Be it known: Author Ann Patchett is a gifted stylist and novelist.
She is not, however, married to her dog.
Patchett was the object of a recent Twitter eruption when she wrote to The New York Times Sunday Book Review to clarify the matter after a reviewer committed some awkward phrasing.
Patchett’s letter not only provided a reminder of the never-ending debate over punctuation, but it also demonstrated the quirky power of the 140-character medium to skyrocket a message into the stratosphere, even for those with small numbers of followers.
In a letter headlined “Puppy Love,” the PEN/Faulkner Award-winning novelist wrote to the Gray Lady:
I was grateful to see my book “This Is the Story of a Happy Marriage” mentioned in Paperback Row (Oct. 19). When highlighting a few of the essays in the collection, the review mentions topics ranging from “her stabilizing second marriage to her beloved dog” without benefit of comma, thus giving the impression that Sparky and I are hitched. While my love for my dog is deep, he married a dog named Maggie at Parnassus Books last summer as part of a successful fund-raiser for the Nashville Humane Association. I am married to Karl VanDevender. We are all very happy in our respective unions.
Not everyone agreed that an error of punctuation had been made. Several authorities said the Times’ real sin wasn’t a missing comma (it’s discretionary, they say) but using—and misusing—the trite construction from … to …
We’ll get to that later.
Either way, Twitterdom noticed Patchett’s letter. Tom Bonnick, a London-based Twitter user who called attention to the letter, got nearly 2,500 retweets and 1,900 favorites, even though he has only 981 followers.
— Tom Bonnick (@tombonnick) November 3, 2014
The tweet far outperformed a later one on the same topic by media critic Jim Romenesko, who garnered nine RTs and four favorites despite his having 98,000 followers. It pays to be timely on the fast-moving medium.
Author Ann Patchett is *not* married to her dog. (She sets it straight in a letter to NYT Book Review.) http://t.co/ObEy5ZhZdc
— Romenesko (@romenesko) November 4, 2014
[T]he reviewer’s unfortunate implication rose not from failure to provide an uncommon comma, but from unthinkingly resorting to the ranging from construction.
A range, dammit, is a series of discrete bounded elements. From a to z and from soup to nuts describe the ranges of the alphabet and the dinner menu.

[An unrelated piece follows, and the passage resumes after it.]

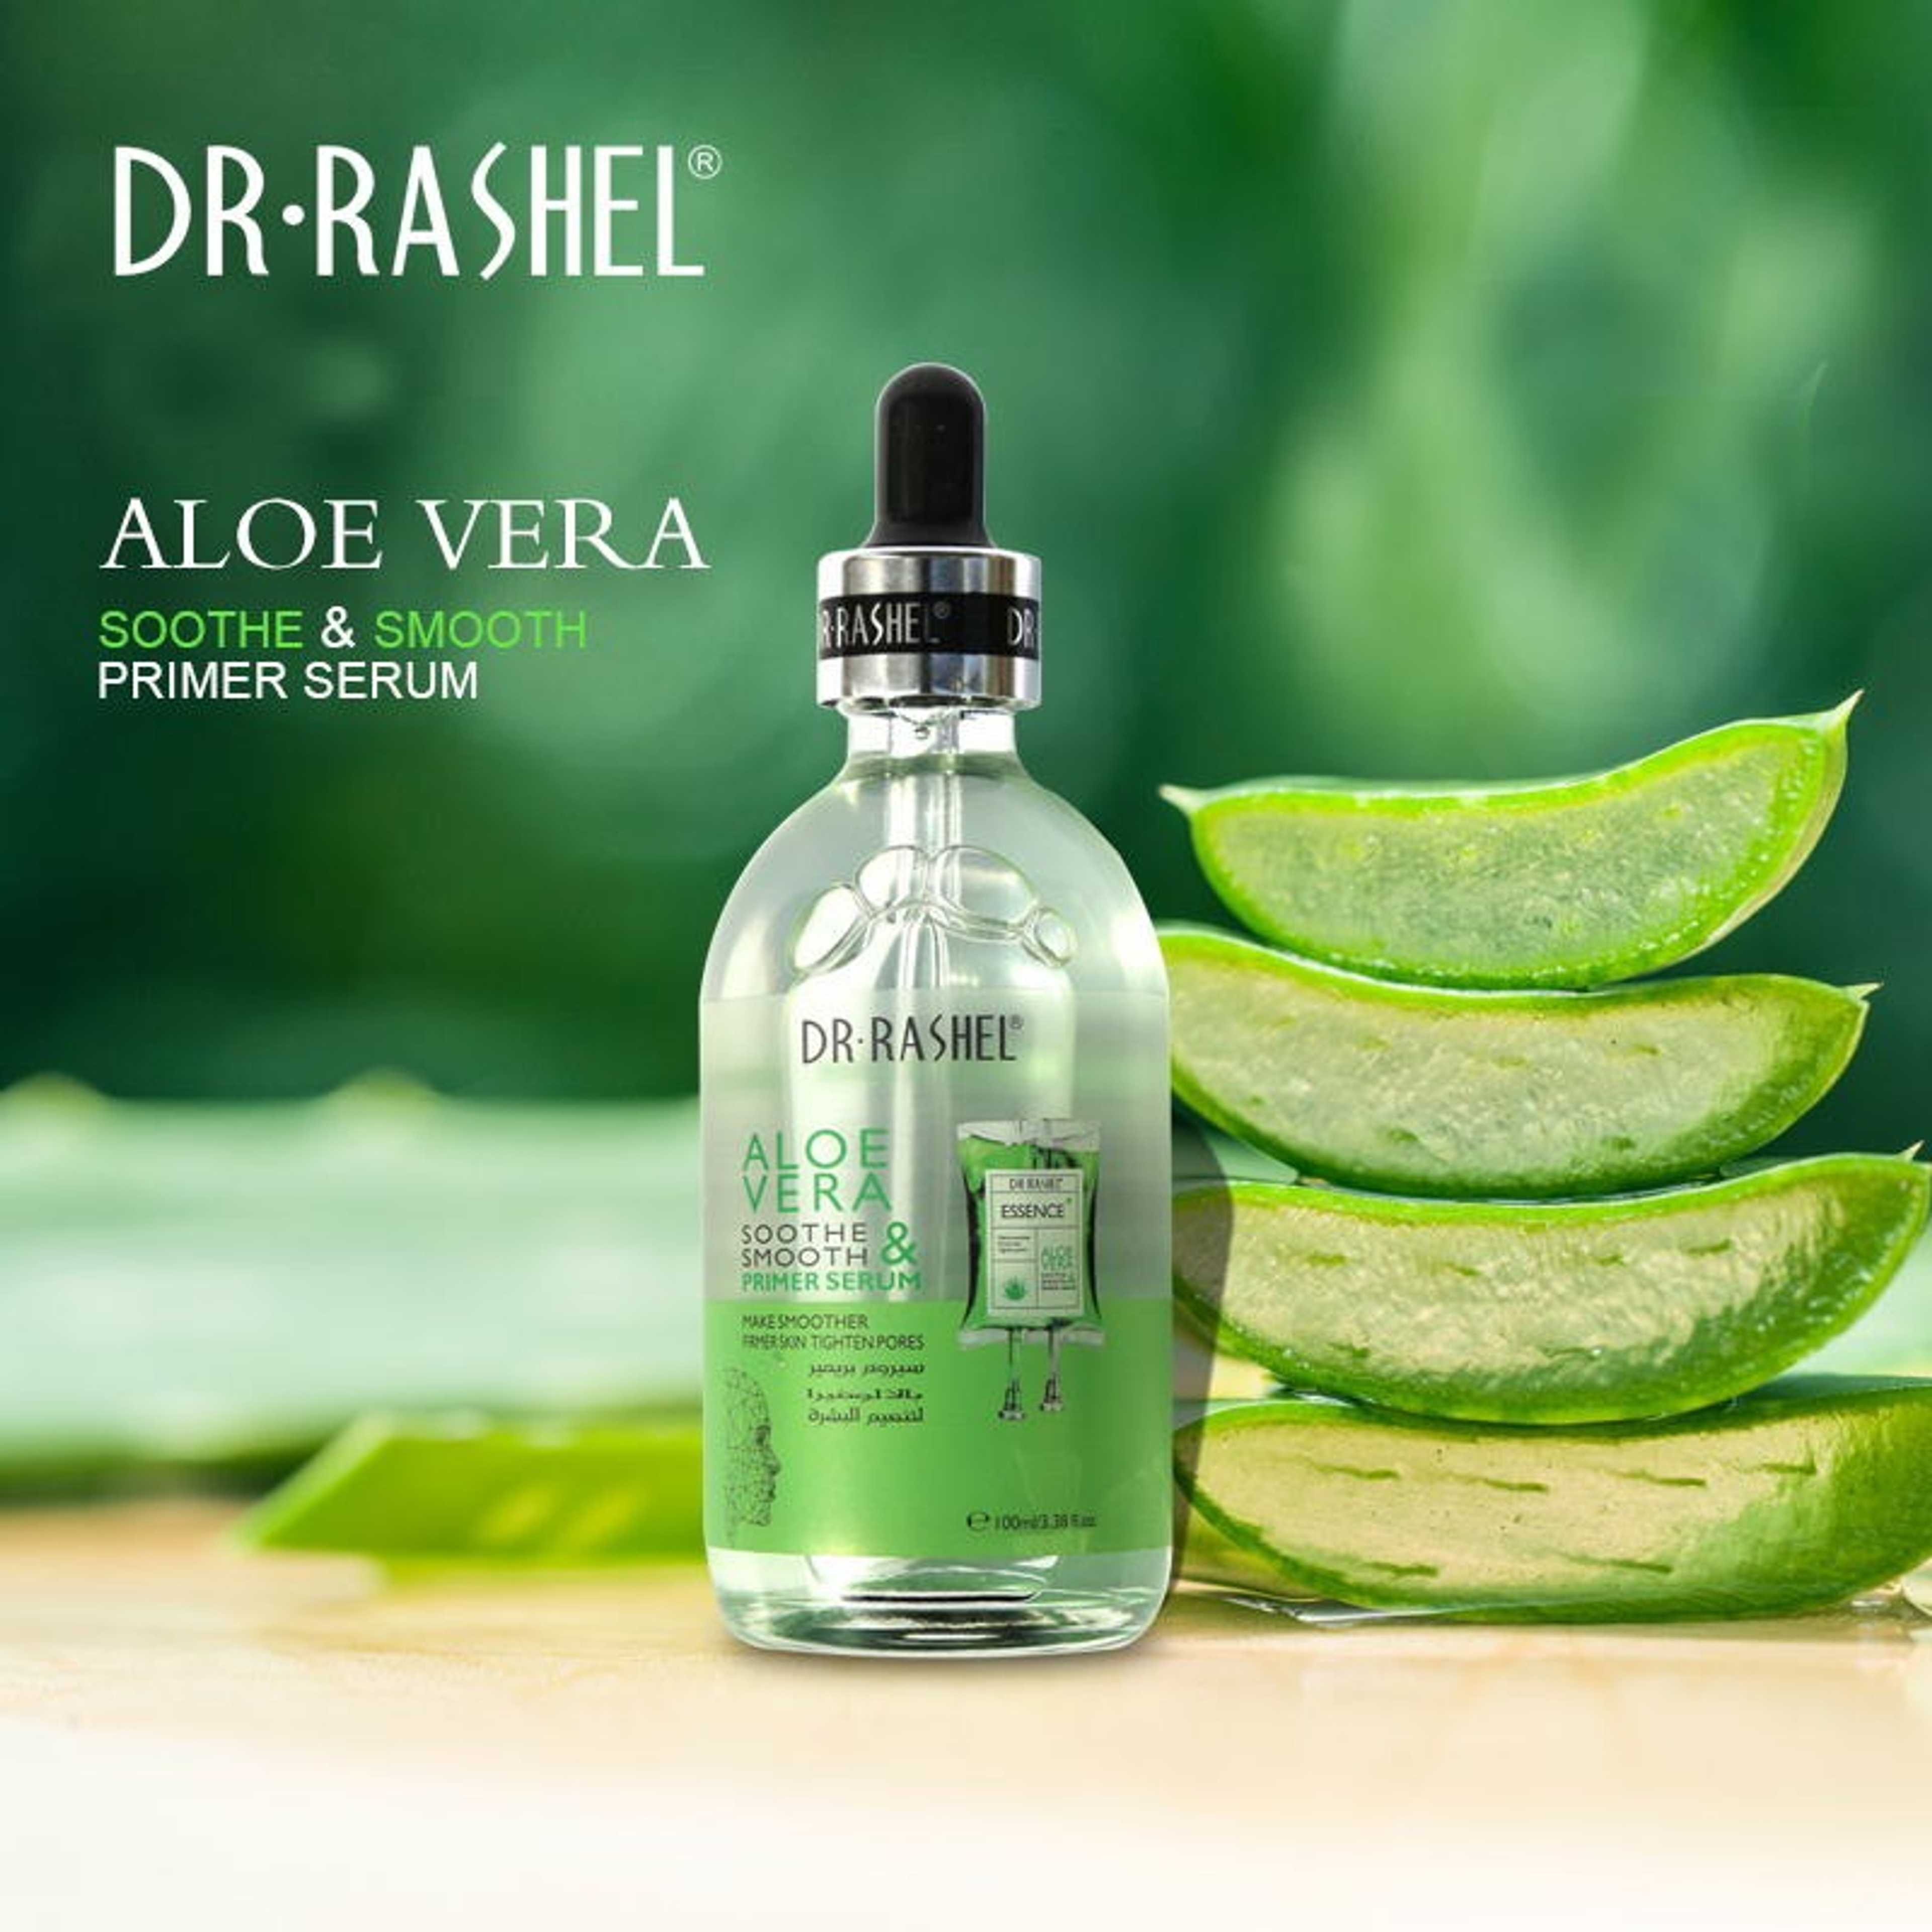 Dr Rashel Aloe Vera Soothe & Smooth Primer Serum

Instead of “range from … to …” use the tidy word “include” followed by a simple series. Remember this, though: When you use “include,” don’t list every damn contributor (or whatever). Those who are “included” are a subset of the entirety.
‘The utility infielder’
For those who suffer from comma confusion or are prone to simple human lapses, Reinalda offers pointers in another article that calls the shrimp-shaped mark “the utility infielder of the punctuation team.” Among his gems:
Then there is the dreaded comma splice. This occurs when two independent clauses are separated by a comma with no conjunction.
Wrong: The cat barked at the dog, it traumatized the poor pooch.
Though it’s unfair to those of us who shovel words like road asphalt, there is a greater tolerance for comma splices when literary writers play with sentences to reflect the inner rhythms of characters’ minds.
Nobody is going to correct a stylist like Patchett for a splice in her novel “Run”:
He was always seeing people as fish. He saw his patients as mackerel, as bass, that was how he remembered them.
The Times itself offered helpful reminders of comma use a couple of years back. Among the tips:
When an identifier describes a unique person or thing and is preceded by “the” or a possessive, use a comma:
Baseball’s home run leader, Barry Bonds, will be eligible for the Hall of Fame next year.
My son, John, is awesome. (If you have just one son.)
But withhold the comma if not unique:
My son John is awesome. (If you have more than one son.)
Still, we all love comma errors when made by others. Consider this list, which includes a sign said to be posted at a Malaysian resort: “CAUTION BE CAREFUL OF PARASAILING HORSES AND BUGGIES ON THE BEACH.” For my money, such lists are a tad less fun, though, when they include examples from Twitter illiterates.
Some people like comma errors so much that they fake them. A cover of Tails magazine was widely shared because of a headline that allegedly read, “Rachael Ray finds inspiration in cooking her family and her dog.”
Turned out the cover was Photoshopped, and Ray’s family and dog remained uneaten. The magazine corrected the falsehood while keeping a sense of humor about it-a lesson not only for organizations, but for touchy individuals.
As for Patchett, her letter provided a chuckle, and her savvy reaped a bonanza of mentions—from soup to, well, Z.